By Admin  April 27, 2017

The theft of a laptop computer containing information of nearly 1,400 patients was among two HIPAA breaches that led a Pennsylvania provider of remote heart monitoring to pay $2.5 million, federal authorities said this week.

Malvern-based CardioNet, Inc., essentially had no process at all for securely managing electronic protected health information (ePHI) of the patients it was hired to monitor, at the time the breaches occurred in early 2012, according to investigators from the U.S. Department of Health and Human Services’ Office of Civil Rights (OCR).

CardioNet – a covered entity – was found to have insufficient risk analysis and risk management processes, in violation of the security and privacy rules of the Health Insurance Portability and Accountability Act (HIPAA).

“CardioNet’s policies and procedures implementing the standards of the HIPAA Security Rule were in draft form and had not been implemented,” OCR officials said in a statement. “Further, the Pennsylvania–based organization was unable to produce any final policies or procedures regarding the implementation of safeguards for ePHI, including those for mobile devices.”

On its website, CardioNet is described as the world’s leading supplier of mobile cardiac outpatient telemetry.
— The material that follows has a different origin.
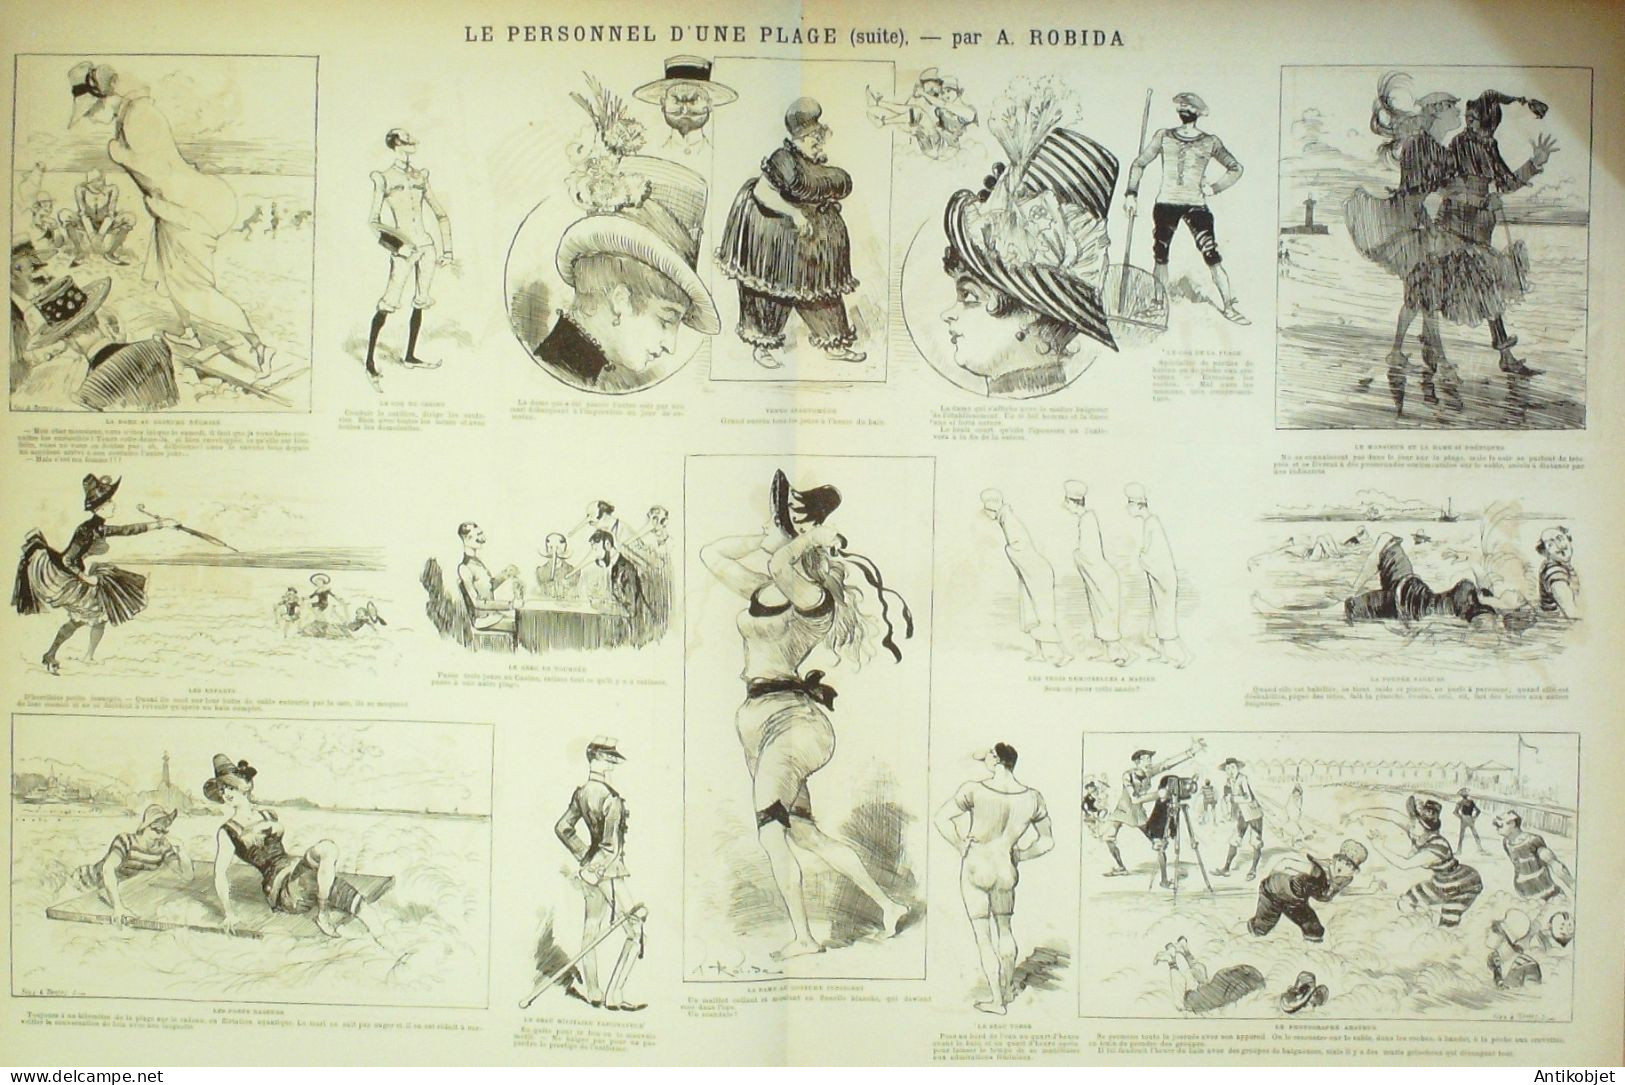 La Caricature 1886 N°344 Personnel De Plage Robida Draner Sorel Trock - Magazines - Before 1900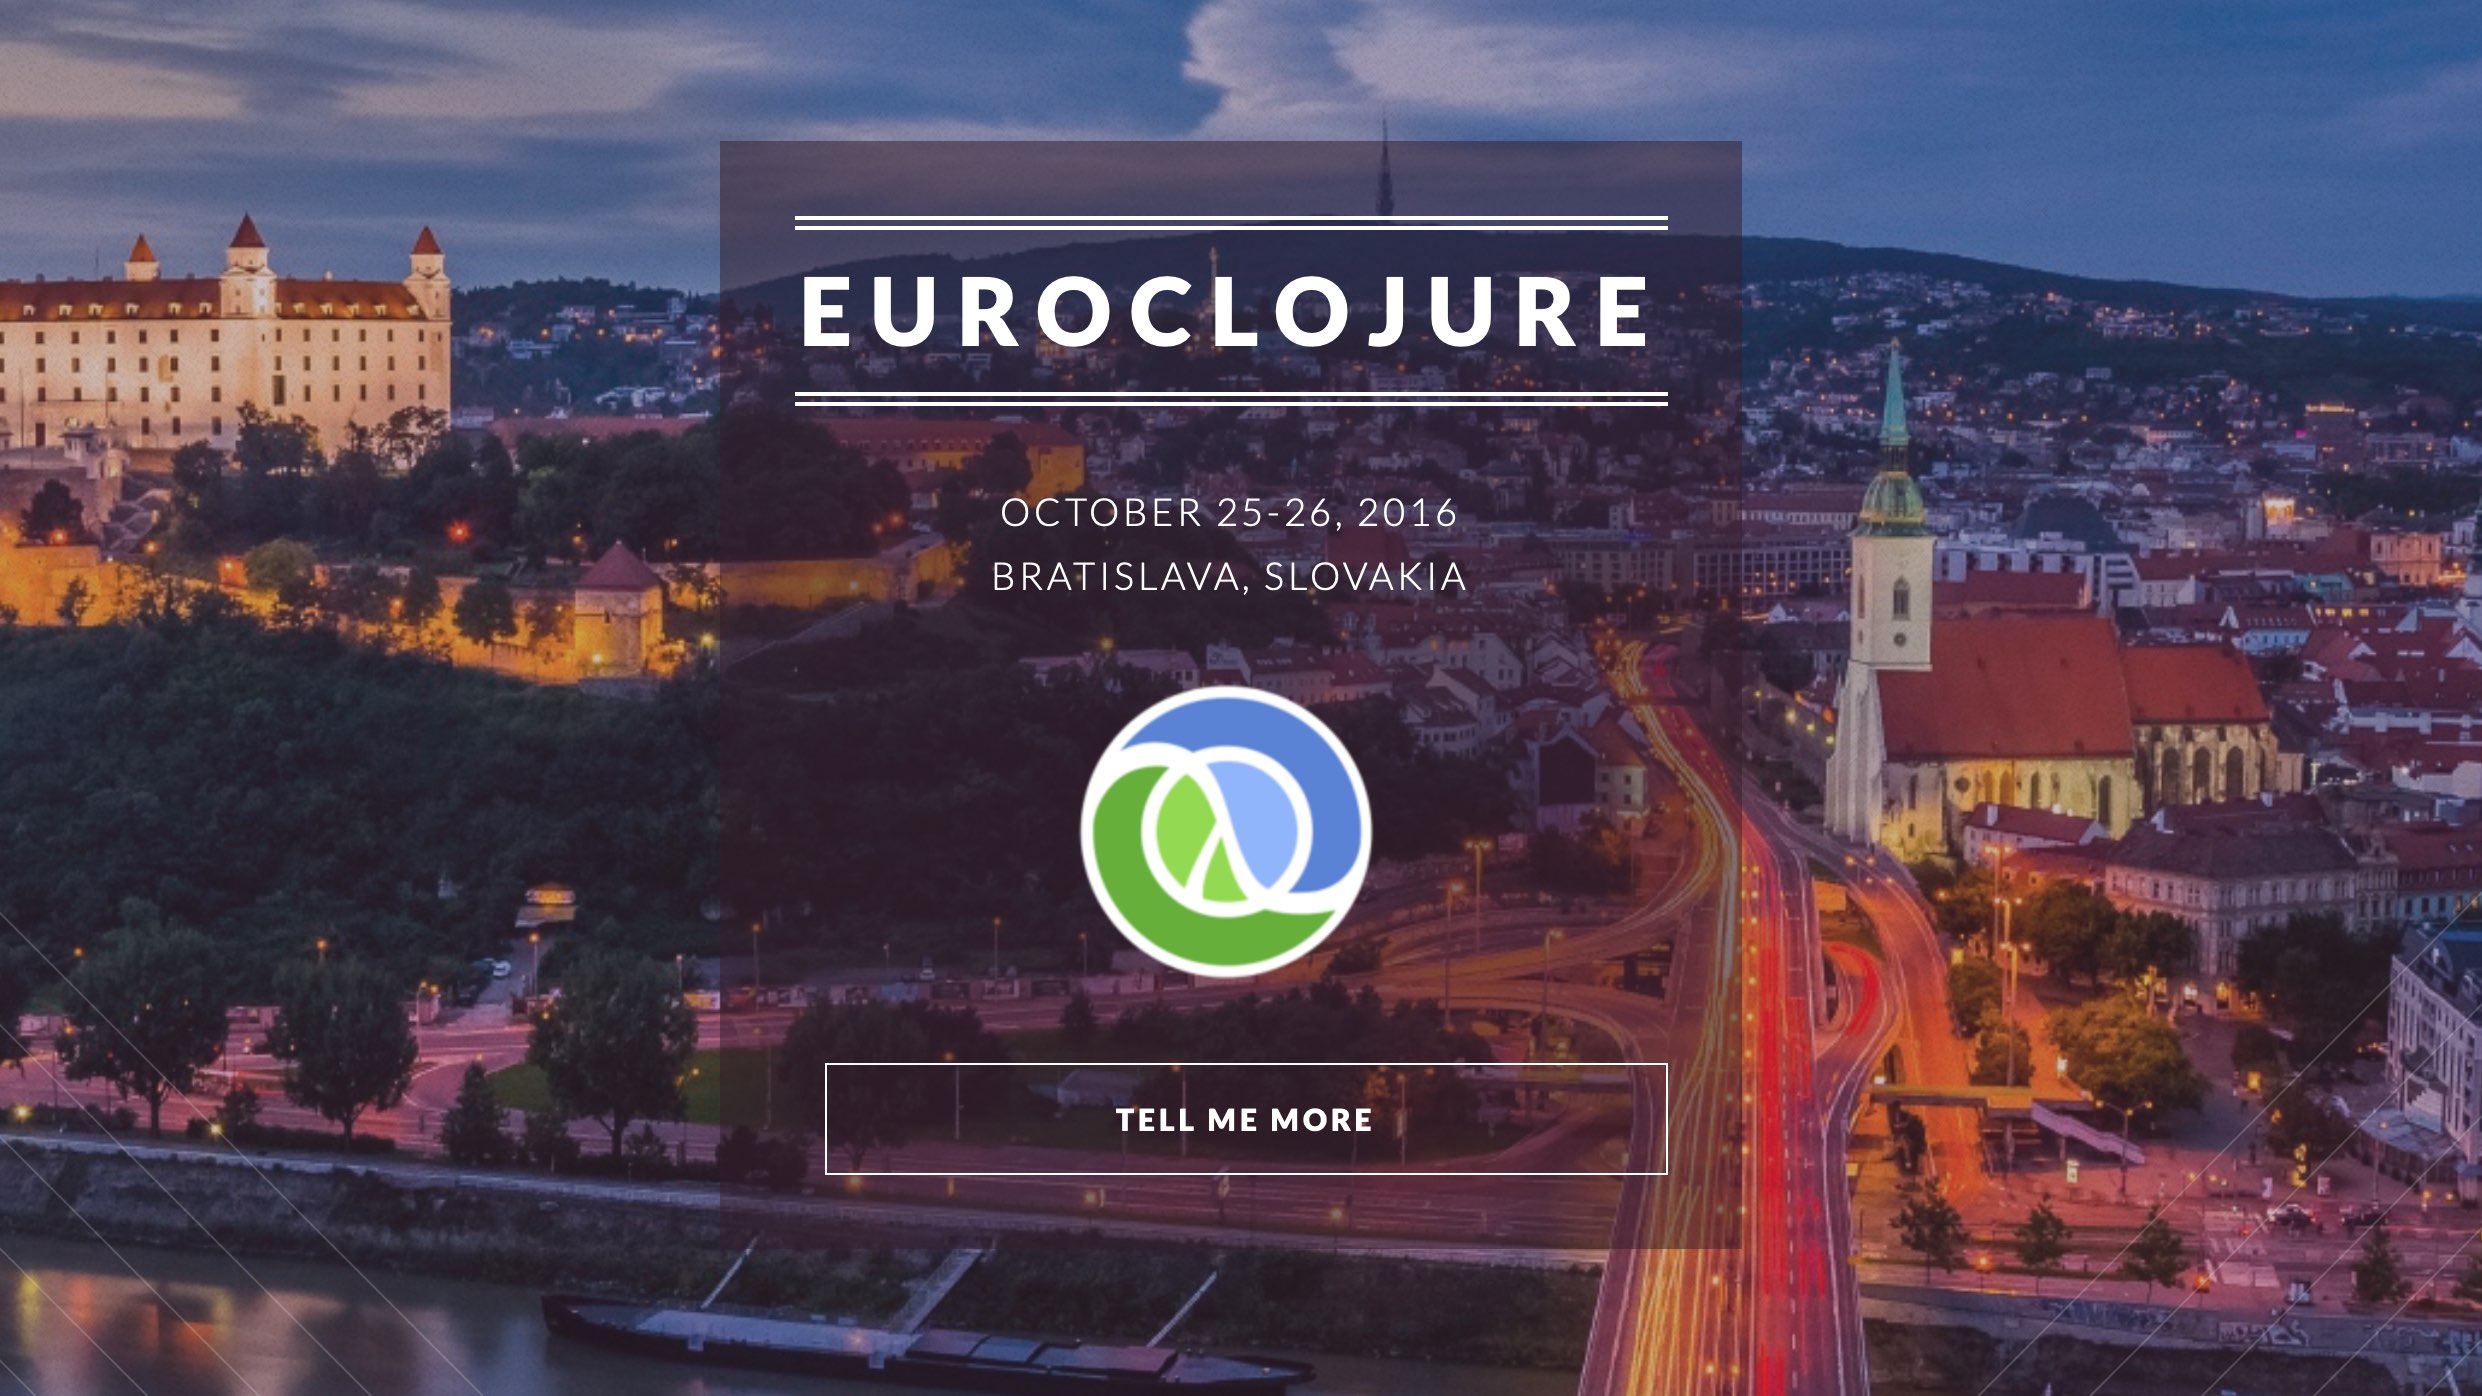 Eindrücke von der EuroClojure 2016

“CardioNet provides the next-generation ambulatory cardiac monitoring service with beat-to-beat, real time analysis, automatic arrhythmia detection and wireless ECG transmission,” the website says. “CardioNet prides itself with helping clinicians prevent morbidity, mortality and disability with rapid diagnosis and treatment of patients with cardiovascular disease.”

The first reported breach occurred on Jan. 10, 2012, when a laptop containing the ePHI of 1,391 people was stolen from a car parked outside of a CardioNet employee’s home.

“Mobile devices in the health care sector remain particularly vulnerable to theft and loss,” OCR director Roger Severino said in a statement.

“Failure to implement mobile device security by Covered Entities and Business Associates puts individuals’ sensitive health information at risk,” the statement continued. “This disregard for security can result in a serious breach, which affects each individual whose information is left unprotected.”

OCR did not provide details of the second – larger – breach, which occurred on Feb. 27, 2012, and compromised the ePHI of 2,219 individuals.

CardioNet’s settlement brings the amount of HIPAA breach payments collected by OCR thus far this year to $14.3 million.

Last year, the agency collected a record $23.5 million, up from $6.2 million in all of 2015.